*** Opening of STUDY MATERIAL ***

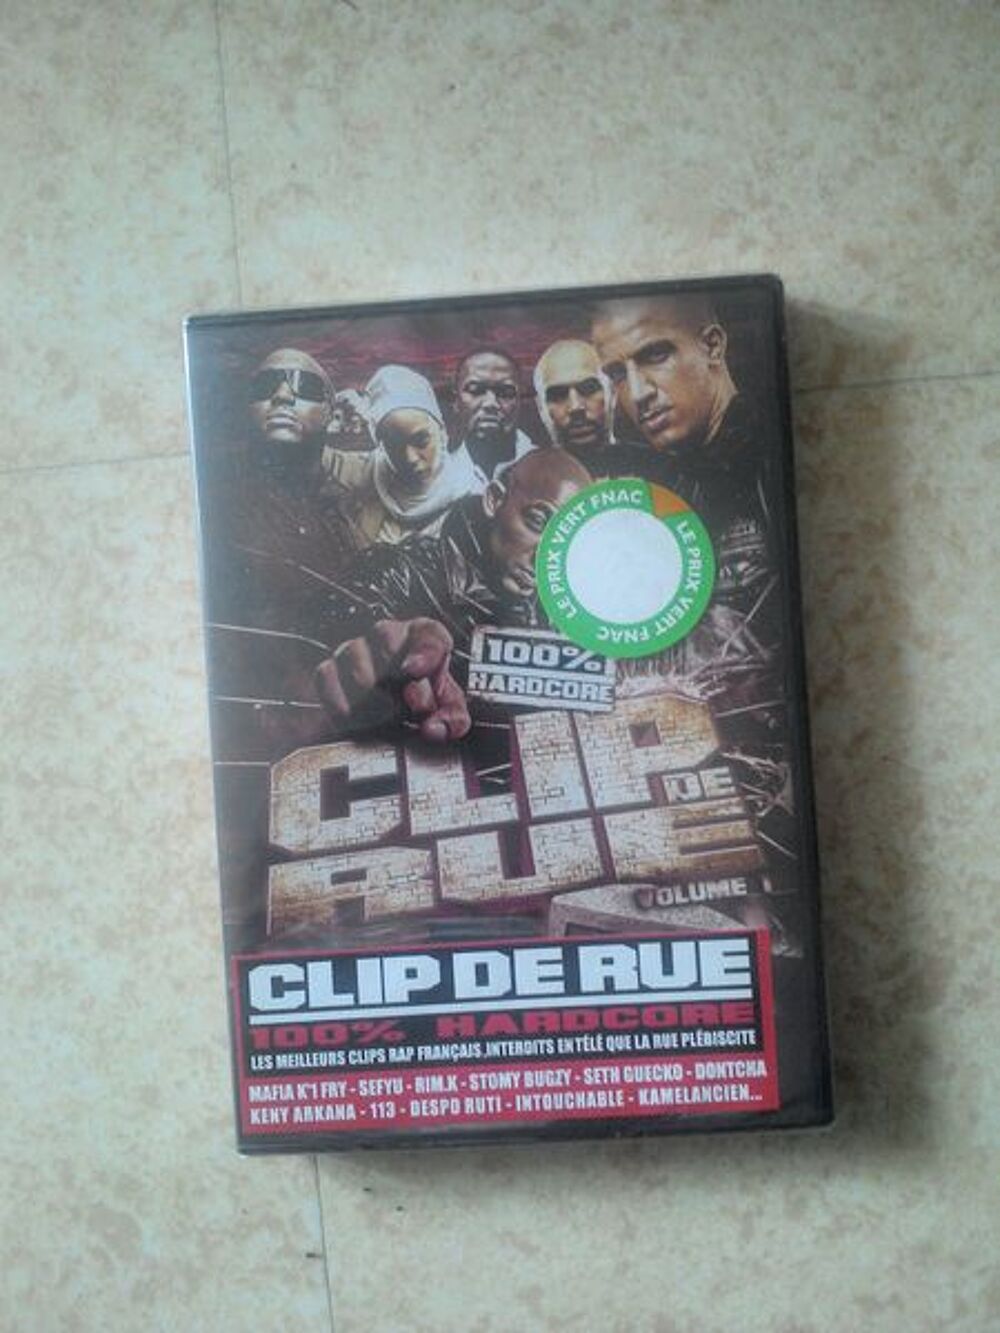 CLIP DE RUE
RIM K-SEFYU-MAFIA K1 FRY-STOMY BUGZY-DONTCHA DVD et blu-ray
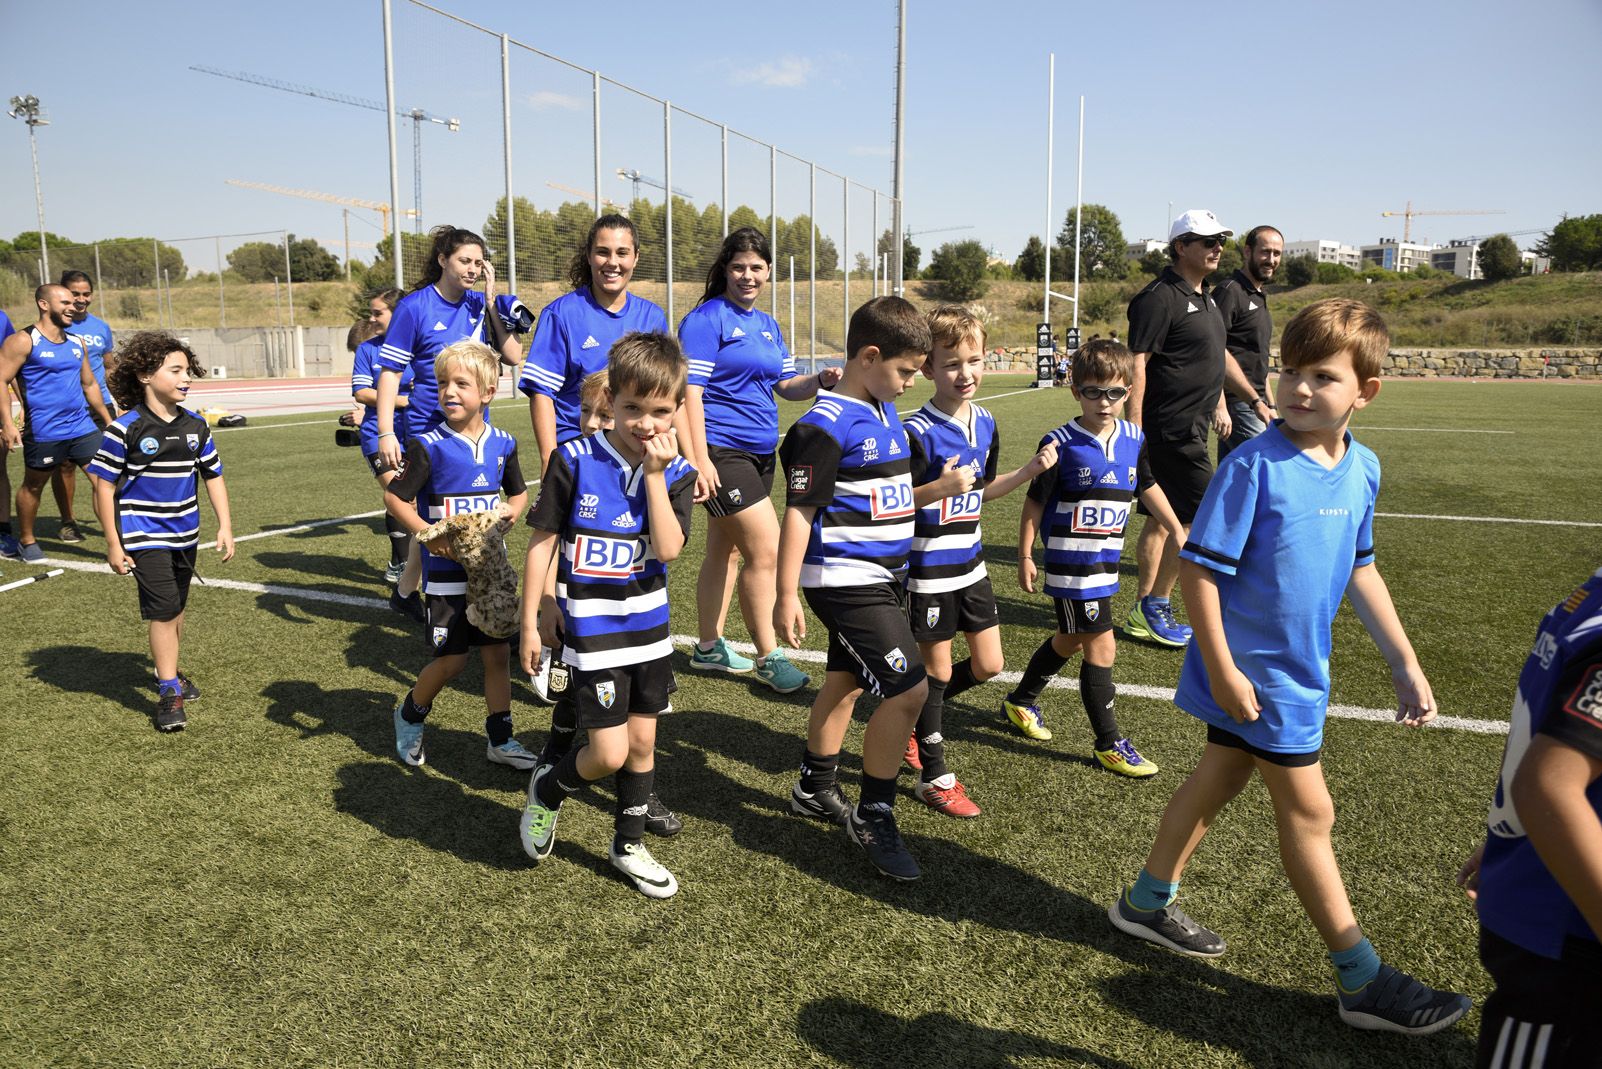 presentacio Club rugby Sant Cugat 2Presentació dels equips de Rubgy de Sant Cugat. Foto: Bernat Millet.
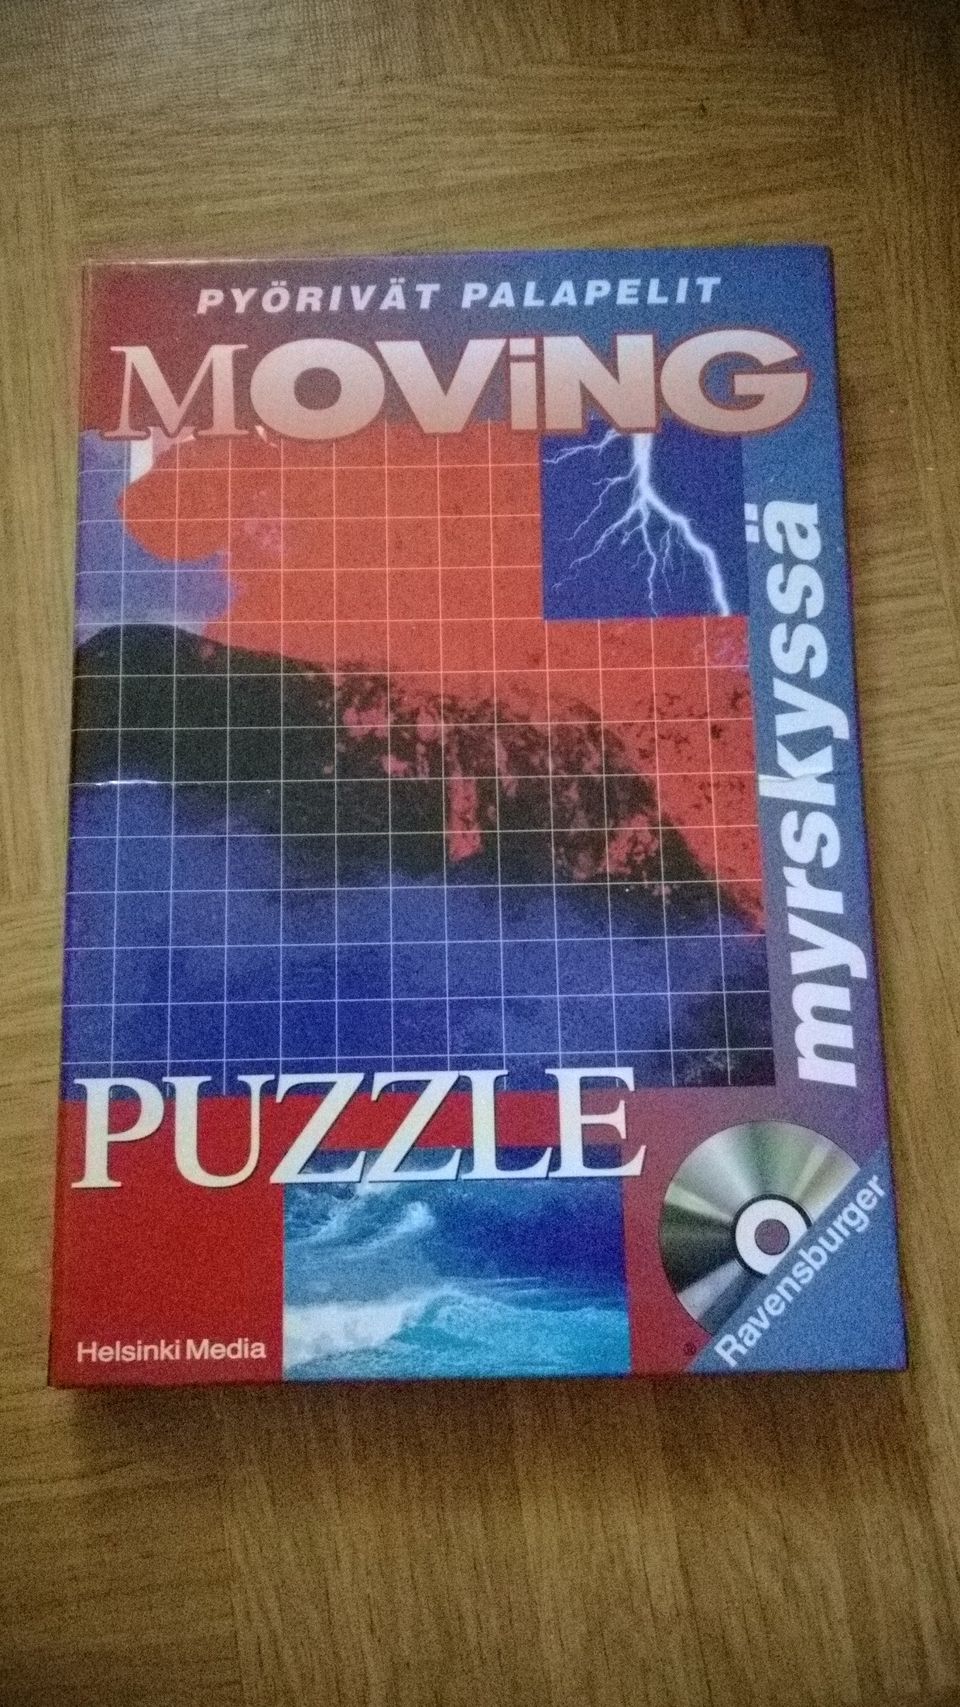 Moving Puzzle-Pyörivät palapelit Myrskyssä, dvd
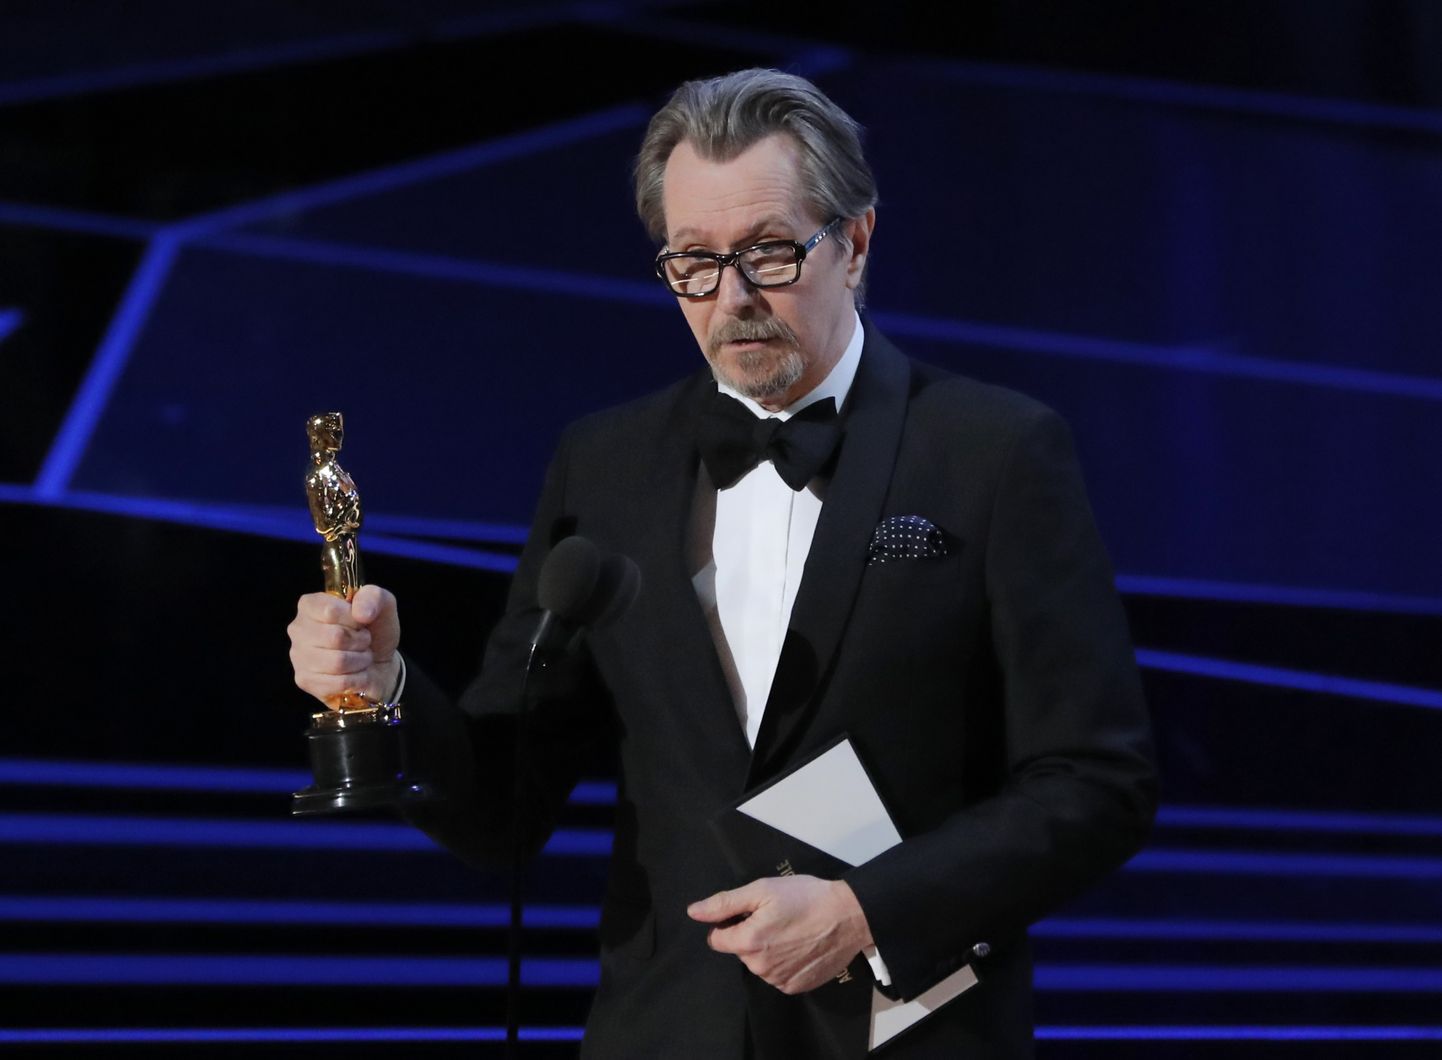 90th Academy Awards - Oscars Show - Hollywood, California, U.S., 04/03/2018 - Gary Oldman accepts the Oscar for Best Actor for "Darkest Hour." REUTERS/Lucas Jackson

*** Close of STUDY MATERIAL ***

* [EXERCISE REQUIREMENTS]: Could you give all the records again, exactly, minus the pictures?

* [WRITTEN RESPONSE]:
 CLIP DE RUE
RIM K-SEFYU-MAFIA K1 FRY-STOMY BUGZY-DONTCHA DVD et blu-ray
 presentacio Club rugby Sant Cugat 2Presentació dels equips de Rubgy de Sant Cugat. Foto: Bernat Millet.
 Moving Puzzle-Pyörivät palapelit Myrskyssä, dvd
 90th Academy Awards - Oscars Show - Hollywood, California, U.S., 04/03/2018 - Gary Oldman accepts the Oscar for Best Actor for "Darkest Hour." REUTERS/Lucas Jackson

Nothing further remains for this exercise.